C:\Users\rober\miniconda3\envs\bio_39\lib\site-packages\sklearn\cluster\_kmeans.py:1332: UserWarning: KMeans is known to have a memory leak on Windows with MKL, when there are less chunks than available threads. You can avoid it by setting the environment variable OMP_NUM_THREADS=5.
  warnings.warn(

seaborn.scatterplot(x=embedding[:, 0], 
                    y=embedding[:, 1],
                    hue=kmeans_prediction)

<AxesSubplot:>

../_images/633c188a187120dcdfd54e6d87339c50362750d91e42e3fc7f10031f38687a77.png

We can also project the cluster identifier (0 or 1) back into the 3D image space. We just need to make sure we cannot mix up these two classes with background.

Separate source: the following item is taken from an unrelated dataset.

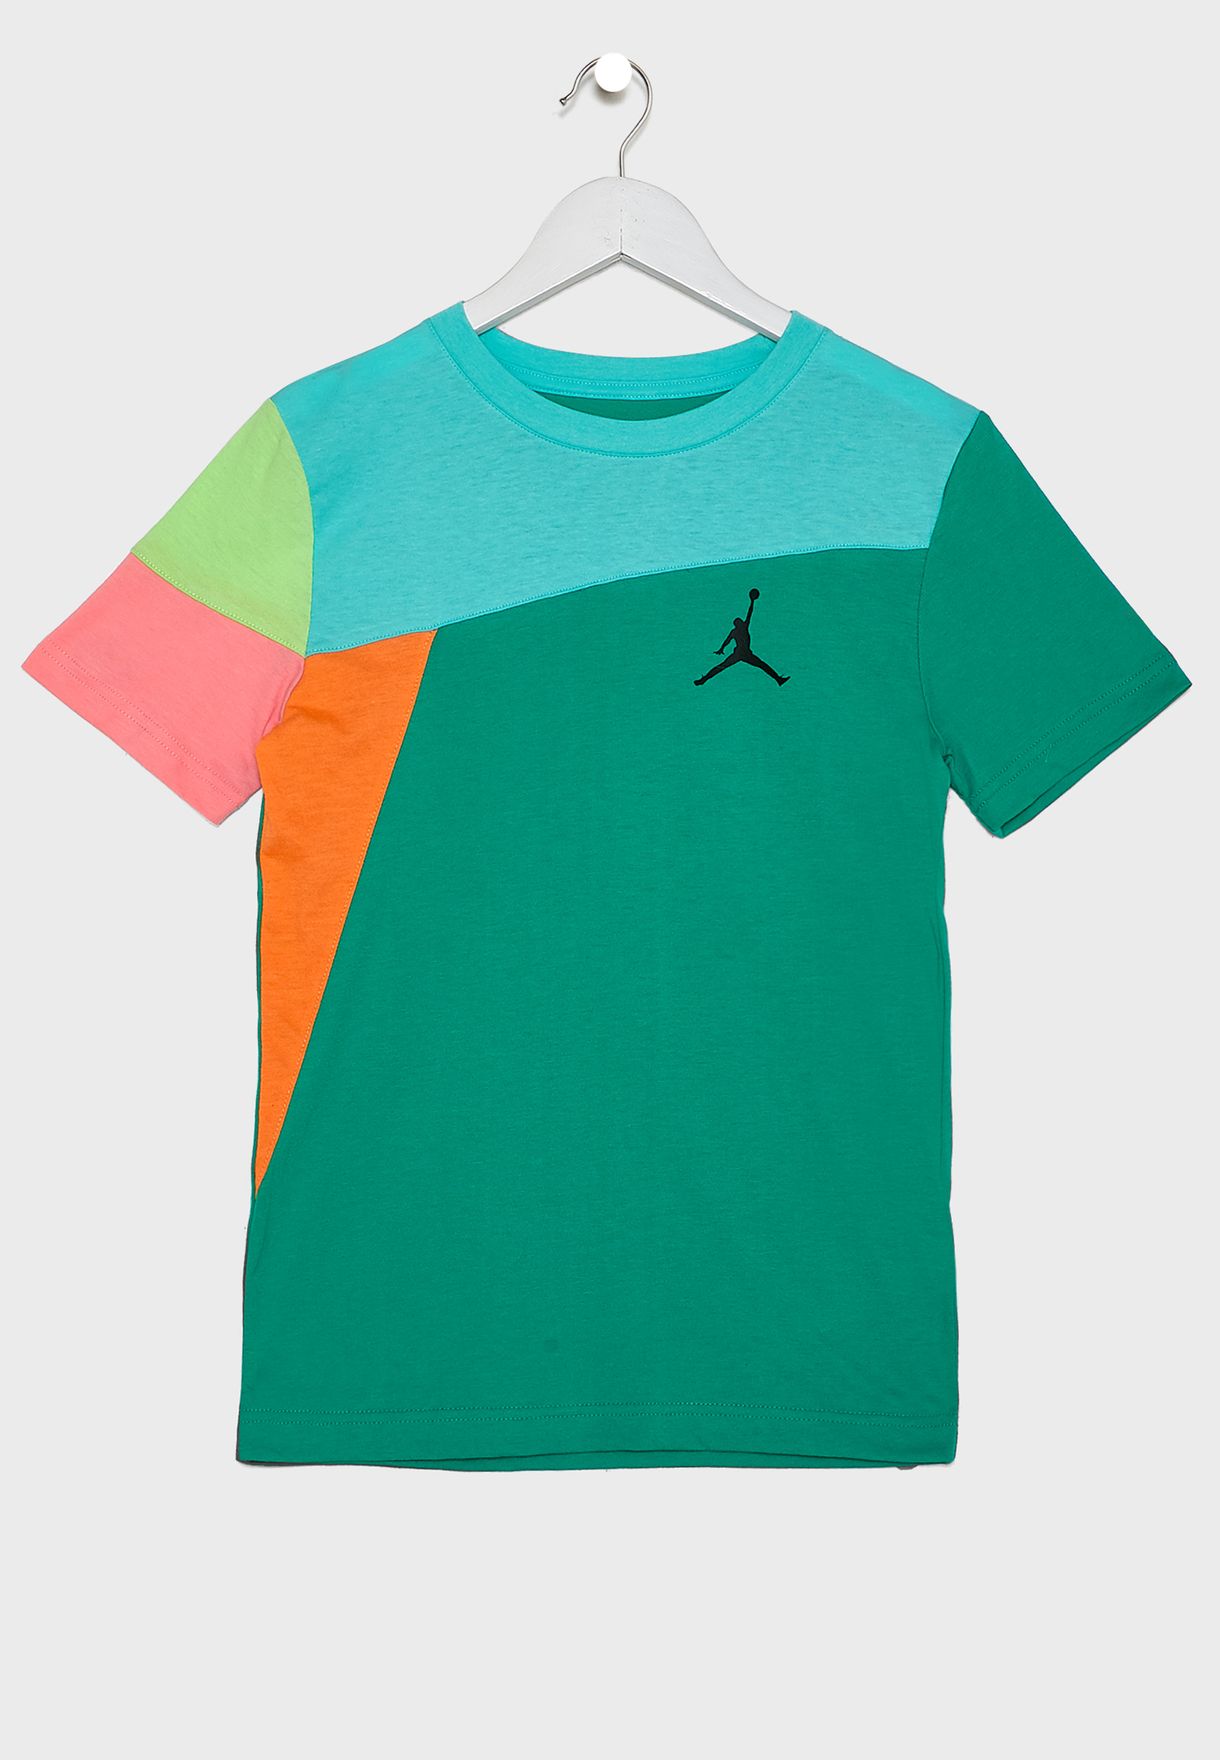 colorful jordans shirt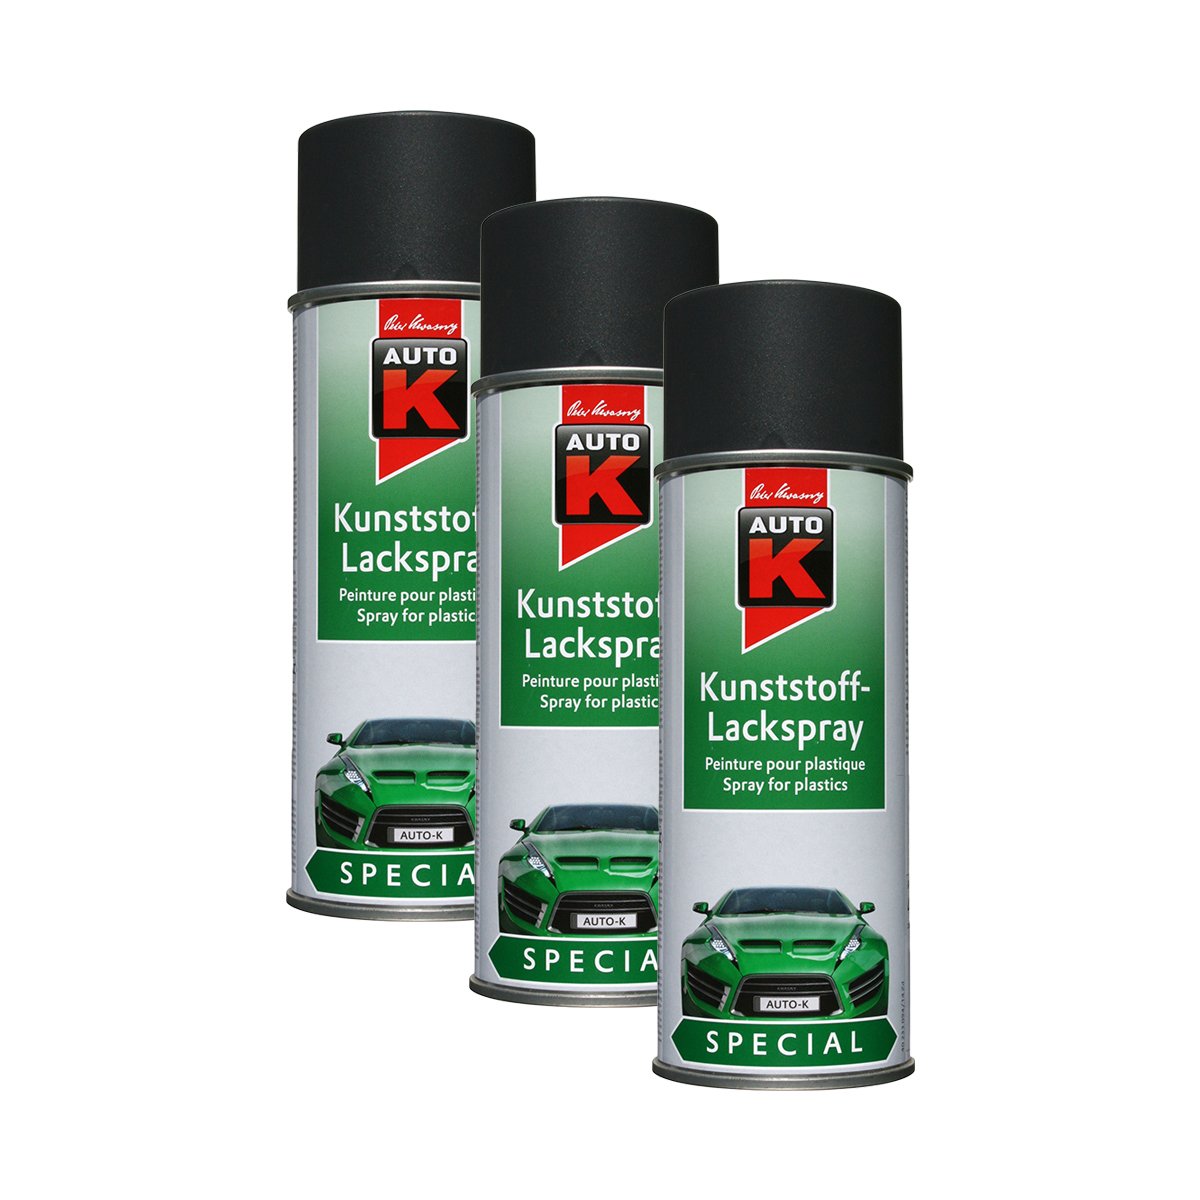 Kunststoff-Lackspray Anthrazit 400Ml Kwasny 233 096 Auto-K Special 3X

# suffix [0] represents background
# we add 1 to the measurement so that there is no 
# cluster with ID 0, which corresponds to background.
cluster_id = [0] + (kmeans_prediction + 1).tolist()

kmeans_prediction_map = cle.replace_intensities(nuclei_labels, cluster_id)

cle.imshow(kmeans_prediction_map, labels=True)

../_images/f6c45731cfbbb33b33aa512b10956a992b1ef4ed4b6f5cf2d8f136035935a305.png

Interpreting clustering results#

For technical reasons it is illegal to claim that k-means clustering can differentiate serosa and embryo. The algorithm was not informed about what to differentiate and thus, just differentiates objects according to their properties. It is now the task of the scientists to figure out which parameters influenced the decision making. For example, if shape-based parameters dominated the decision making, a follow-up questions would be why so. It might be possible that nuclei within the embryo are differently shaped than nuclei within the serosa. But it is also possible that the nuclei segmentation algorithm caused objects to be segmented wrongly. Thus, clustering is just a tool for generating new hypotheses which need to be investigated further, before an algorithm can be designed that differentiates nuclei in serosa and embryo. Such an algorithm then also needs to be validated, e.g. by processing new, unseen datasets, and measuring the quality of the clustering quantitatively, e.g. by providing ground-truth annotations and comparing with them.